The longest undersea rail tunnel in the world, the Channel Tunnel – also known as the ‘Chunnel’ – provides the only permanent link between the island of Great Britain and continental Europe.

In our guide to the Channel Tunnel, we explain its history, how it was built, which trains it serves and more. So, what are you waiting for? Keep reading for more details.

What is the Chunnel?

The Channel Tunnel, also referred to as the ‘Chunnel’, is the longest underwater rail tunnel in the world and connects southern England (Folkestone Terminal) to northern France (Calais Terminal) beneath the English Channel at the Strait of Dover.

Owned and operated by Getlink, the Chunnel is actually made of three tunnels – two rail tunnels, which are used for freight and passenger trains, and a service tunnel – and carries high-speed Eurostar trains, international freight trains and the Eurotunnel Le Shuttle service for road vehicles.
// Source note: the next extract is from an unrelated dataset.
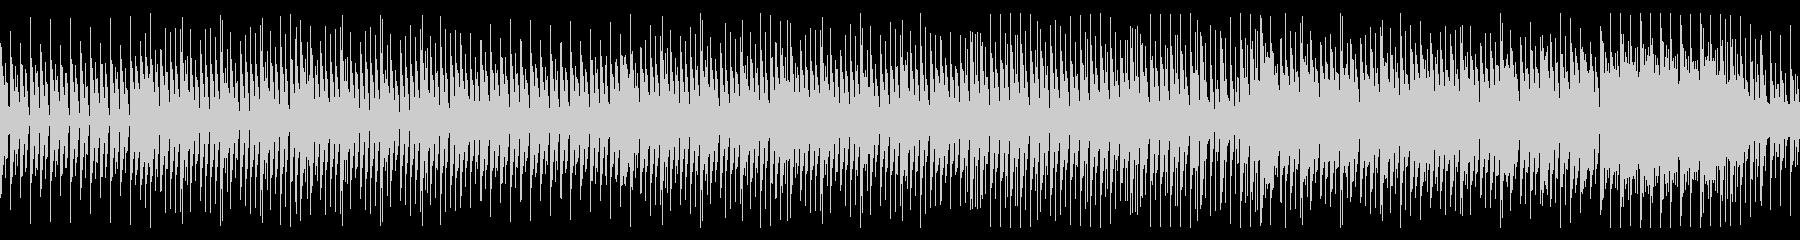 【ループ】いたずらコミカルなハロウィン曲の未再生の波形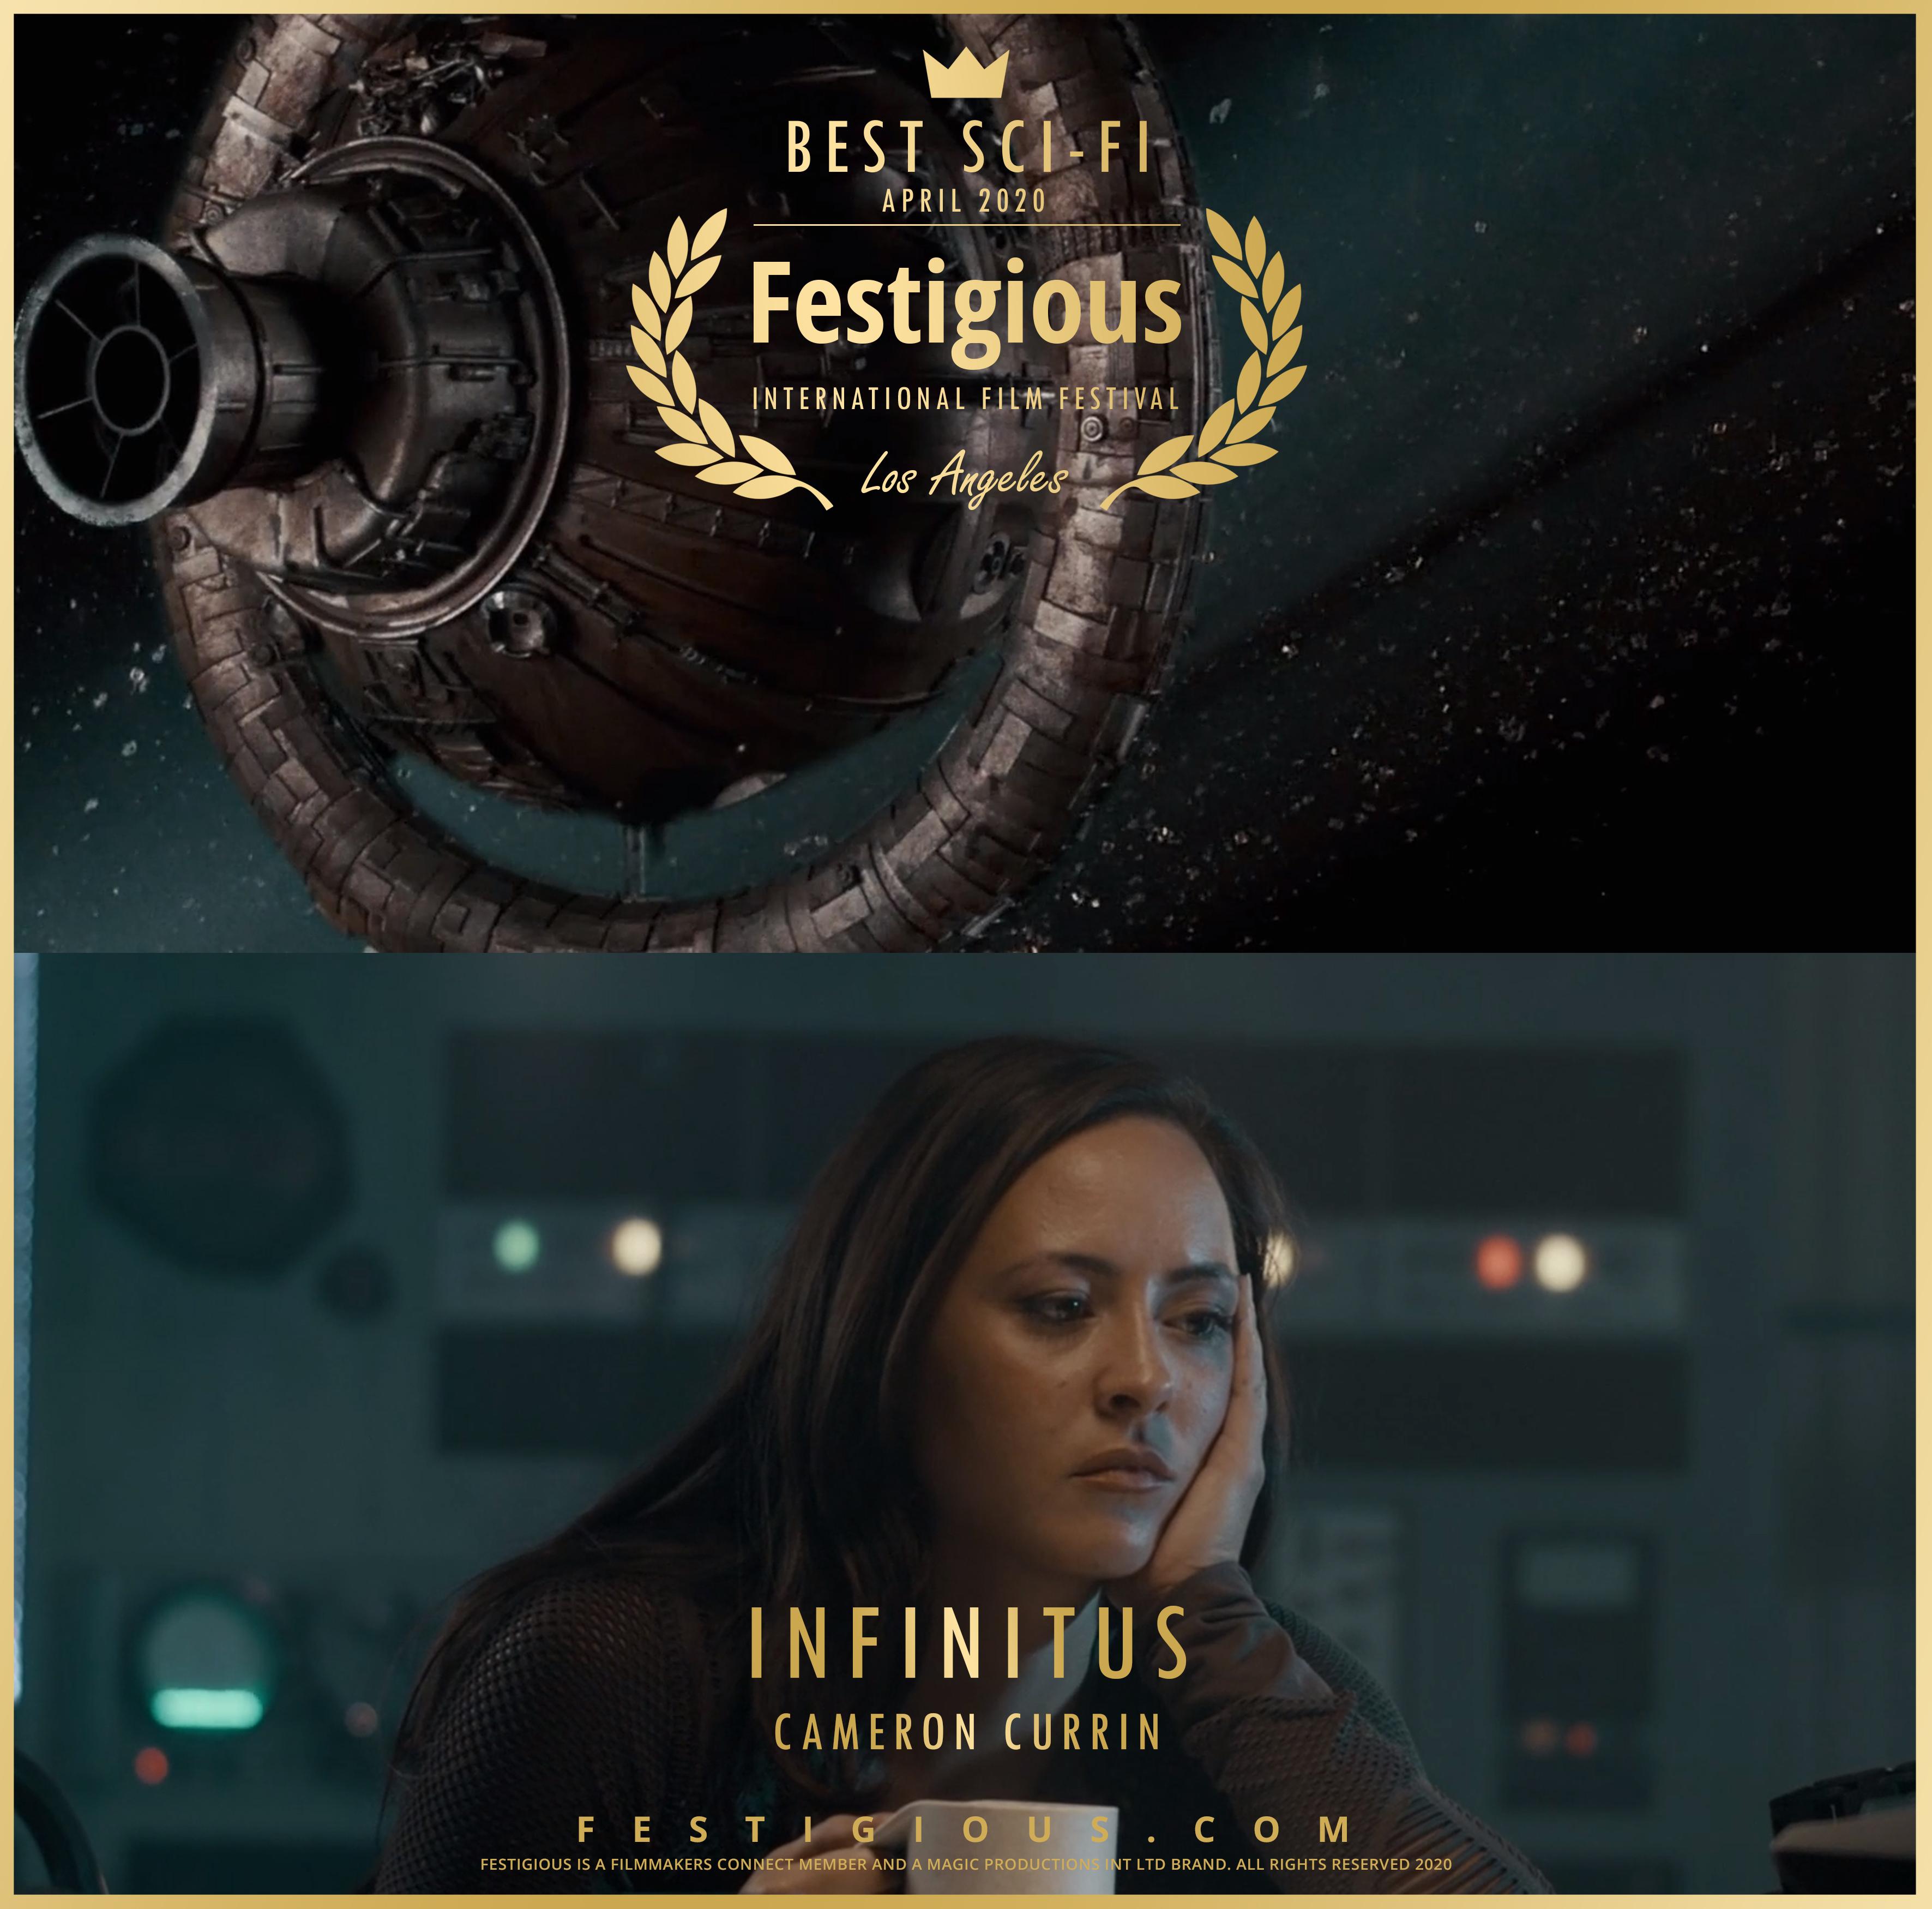 Infinitus design

Where is the Channel Tunnel?

The Channel Tunnel runs between Calais in northern France and Folkestone in south Kent. Road vehicles for Eurotunnel Le Shuttle get on in Calais and get off in Folkestone, while Eurostar trains depart from London St Pancras International station in London and go directly to the centre of Paris, Brussels, Amsterdam, and other European destinations.

How long is the Channel Tunnel?

The Chunnel is 31.5 miles (50.45 km) long, of which 23.5 miles (37.9 km) are under the English Channel, making it the longest undersea tunnel in the world.

When did the Channel Tunnel open?

The idea of building a tunnel under the English Channel was first proposed in 1802 but construction only began in 1988. The Channel Tunnel was completed in 1993 and was officially opened on 6th May 1994 by Queen Elizabeth II and French President François Mitterrand. The first Eurostar services started in November 1994.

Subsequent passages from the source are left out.